We found that the path to our house was an Indian trail, winding about a mile up the bluff from the beach; the trees shutting overhead, and all about us a drooping white spirea, a most bridal-looking flower. Here and there, on some precipitous bank, was the red Indian-flame. Every once in a while, we came to a little opening looking down upon the sea; and the sound of it was always in our ears. At last we reached a partially cleared space, and there stood the house; behind it a mountain range, with snow filling all the ravines, and, below, the fulness and prime of summer. We are nearly at the foot of the hills, which send us down their snow-winds night and morning, and their ice-cold water. Between us and them are the fir-trees, two hundred and fifty and three hundred feet high; and all around, in the burnt land, a wilderness of bloom,—the purple fireweed, that grows taller than our heads, and in the richest luxuriance, of the same color as the Alpine rose,—a beautiful foreground for snowy hills.

The house is not ready for us. We are obliged at present, for want of a chimney, to stop with our nearest neighbor. But we pay it frequent visits. Yesterday, as we sat there, we received a call from two Indians, in extreme undress. They walked in with perfect freedom, and sat down on the floor. We shall endeavor to procure from Victoria a dictionary of the Haidah, Chinook, and other Indian languages, by the aid of which we shall be able to receive such visitors in a more satisfactory manner. At present, we can only smile very much at them. Fortunately, on this occasion, our carpenter was present, who told us that the man was called "Hunter," which served as an introduction. Hunter took from the woman a white bag, in which was a young wild bird, and put it into my hands. The carpenter said that this Indian had done some work for him, bringing up lumber from the beach, etc., and had come for his pay; that he would not take a white man's word for a moment, but if, in making an agreement with him, a white man gave him a little bit of paper with any thing written on it, he was perfectly satisfied, and said, "You my tilikum [relation]—I wait."

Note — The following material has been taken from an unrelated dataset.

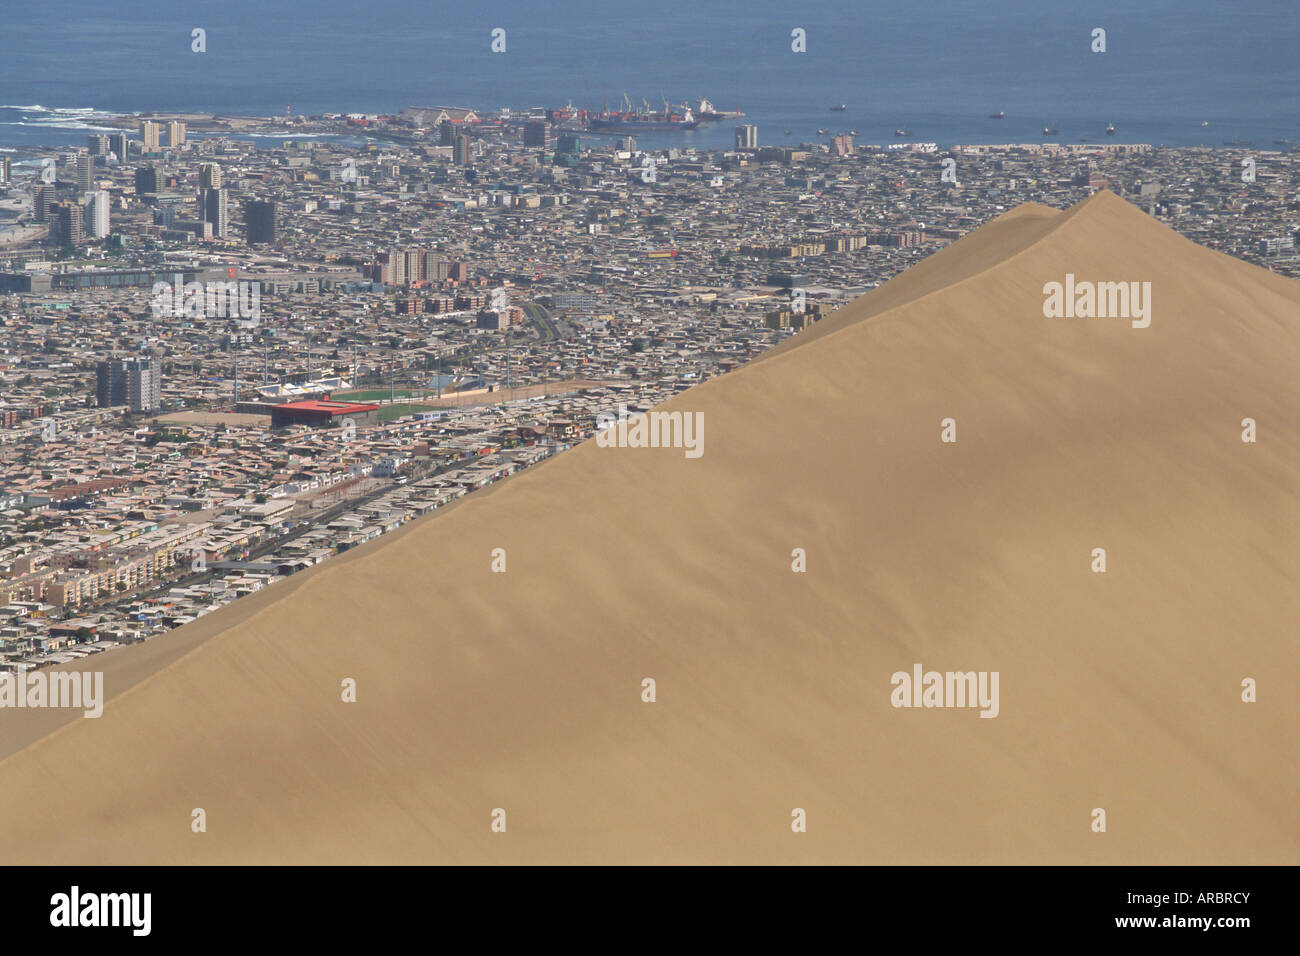 Giant sand dune above large city, Iquique, Atacama coast, Chile, South America Stock Photo

The neighbor with whom we are stopping says, that, the night before we came, a wildcat glared in at her as she sat at her window.

It looks very wild here, the fir-trees are so shaggy. I think the bears yet live under them. Many of the trees are dead. When the setting sun lights up the bare, pointed trunks, the great troops of firs look like an army with spears of gold, climbing the hills.

July 30, 1865.

To-day, as we were descending by the trail from the bluff to the beach, we saw a funeral procession slowly ascending the wagon-road. It came from the Sailors' Hospital. We waited until it passed. The cart containing the coffin was drawn by oxen, and followed by a little white dog and a few decrepit sailors. There was no sign of mourning, but a reverent look in their faces. The body had been wrapped in a flag by brotherly hands. The deep music of the surf followed them, and the dark fir-branches met overhead.

In California, the poorest of people, by the competition of undertakers, are furnished, at low rates, with the use of silver-mounted hearses and nodding plumes, a shrouding of crape, and a long line of carriages. Even those who have really loved the one who is gone seem, in some incomprehensible way, to find a solace in these manifestations, and would have considered this sailor's solitary funeral the extreme of desolation. But Nature took him gently to her bosom; the soft sky and the fragrant earth seemed to be calling him home.

We found by inquiry that it was the funeral of an entirely unknown sailor, who had not even any distant friends to whom he wished messages sent. His few possessions he left for the use of the children of the place, and quietly closed his eyes among strangers, returning peacefully to the unknown country whence he came.